▸ Assignment
Skip the pictures. Output only the lines below starting at the line with "new york yankee stadium sign" and ending at the line with "BMW X5 SUV/4x4/Pick-up", both ends included, exactly as they are.

▸ Records shown
[Start of section]

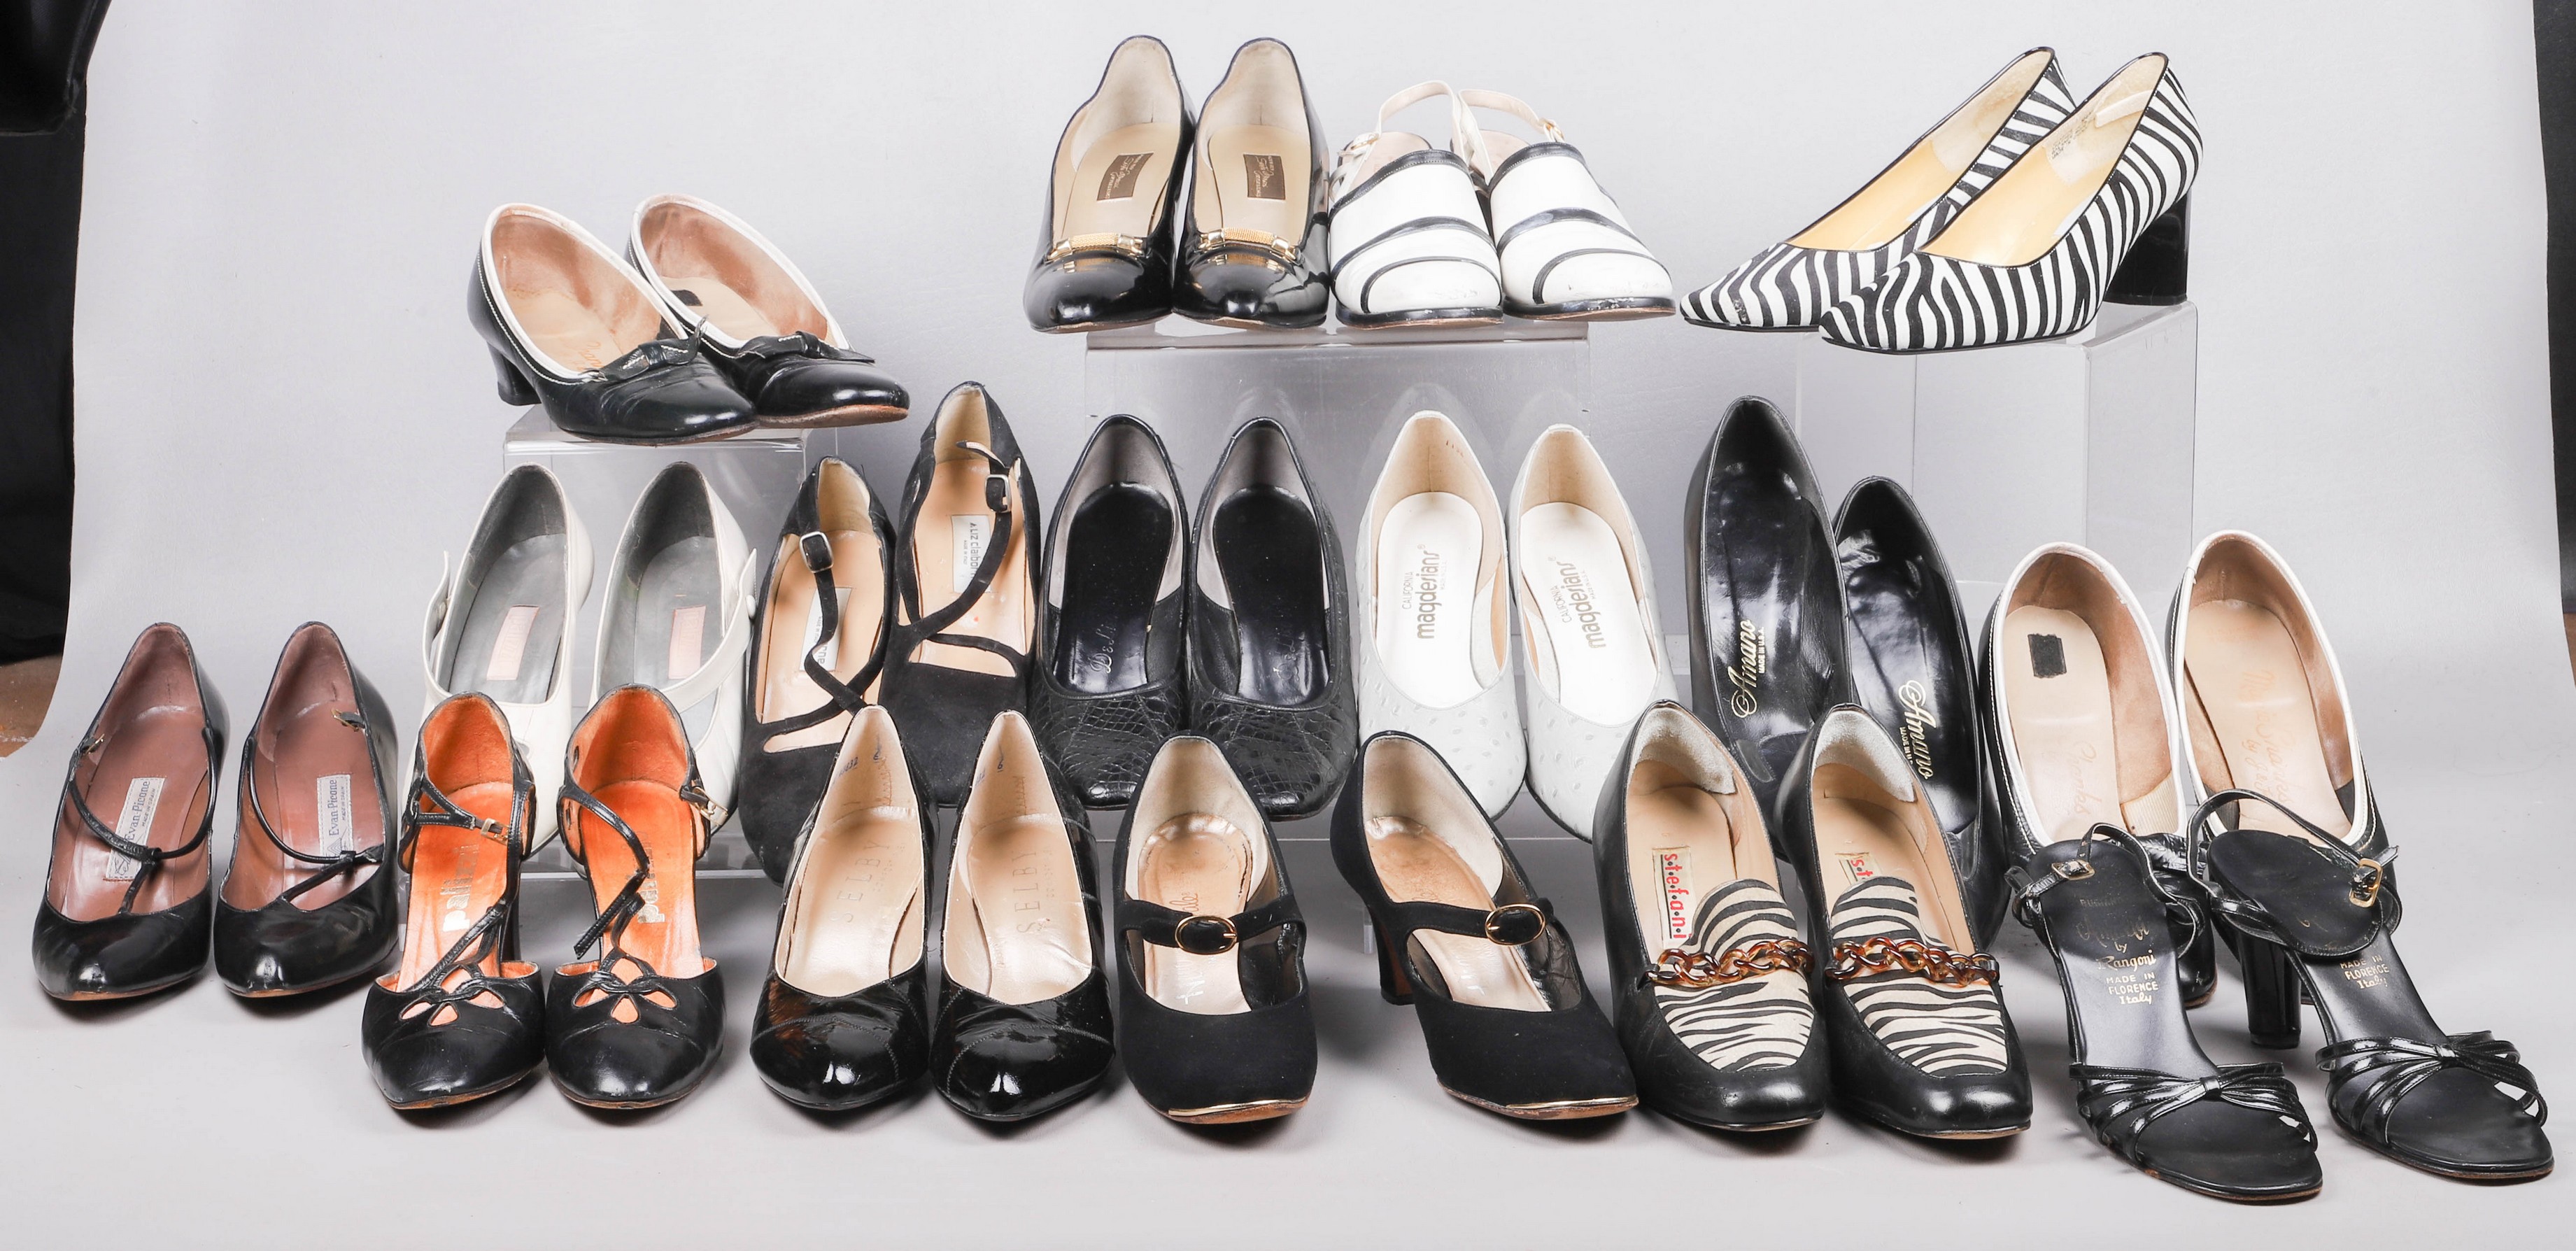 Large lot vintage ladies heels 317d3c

[End of section]
[Start of section]

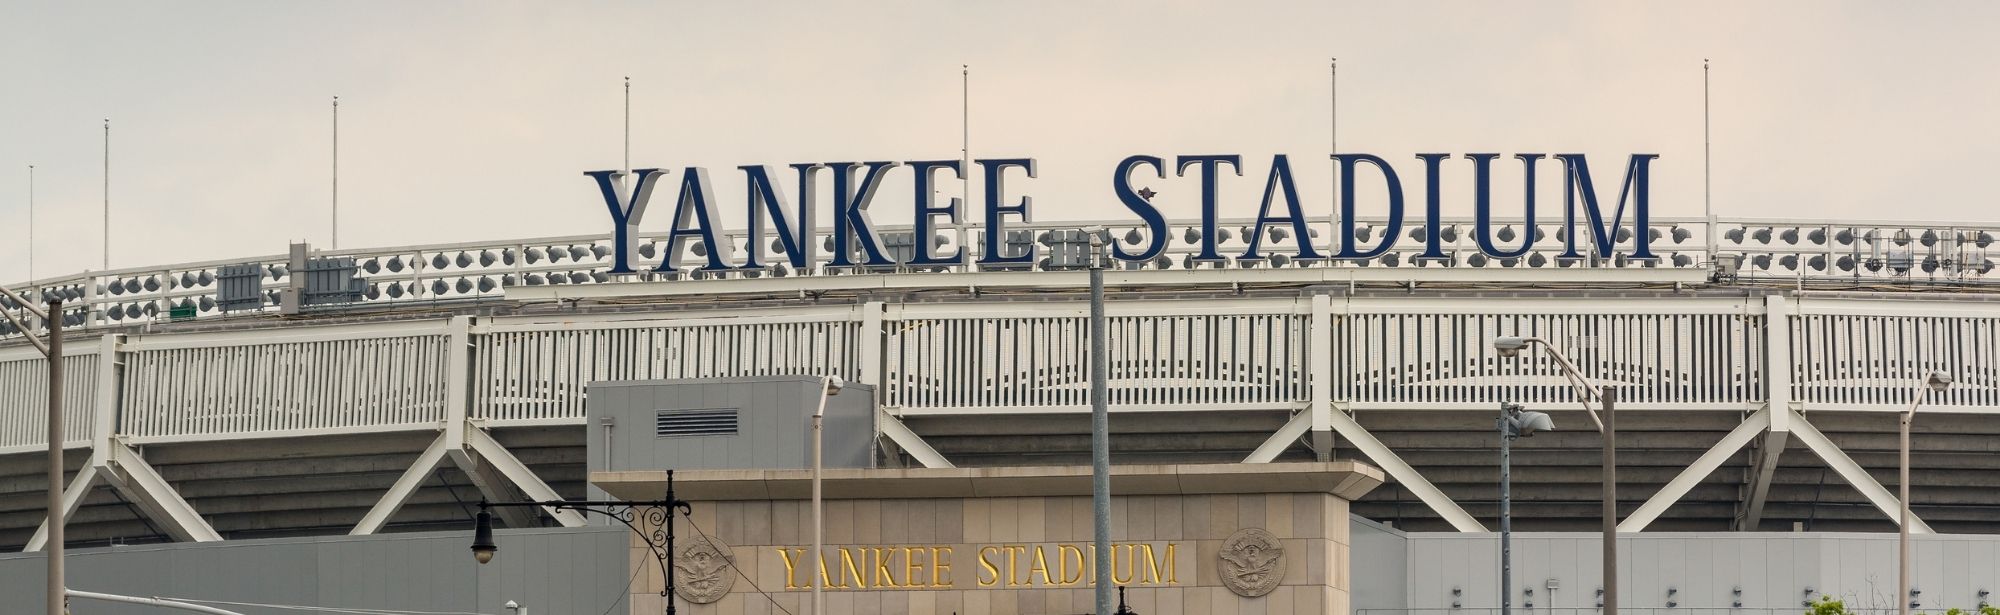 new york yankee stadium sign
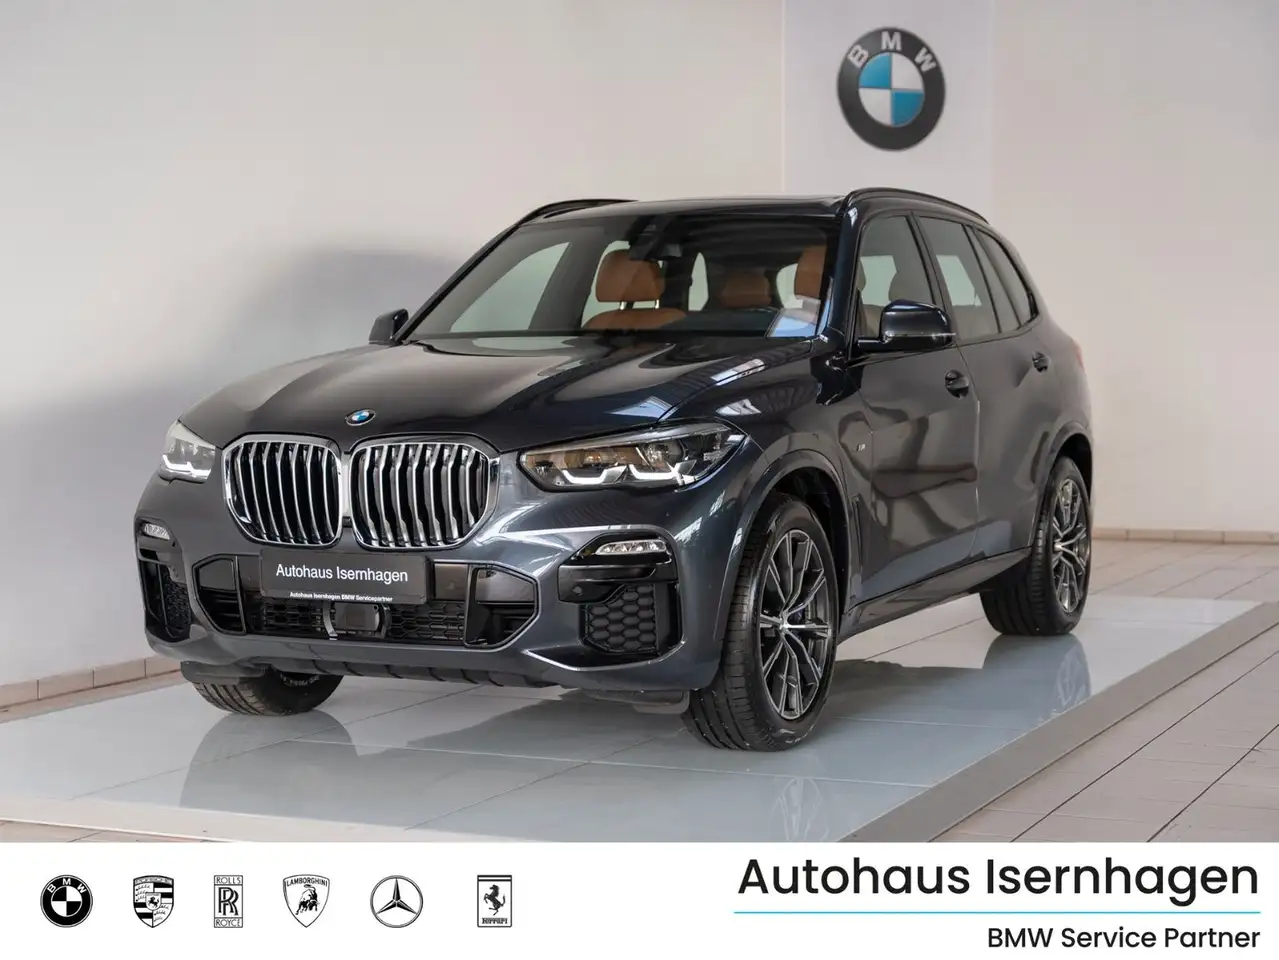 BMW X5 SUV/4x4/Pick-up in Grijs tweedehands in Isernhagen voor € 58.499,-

[End of section]

▸ Response box
 new york yankee stadium sign
 BMW X5 SUV/4x4/Pick-up in Grijs tweedehands in Isernhagen voor € 58.499,-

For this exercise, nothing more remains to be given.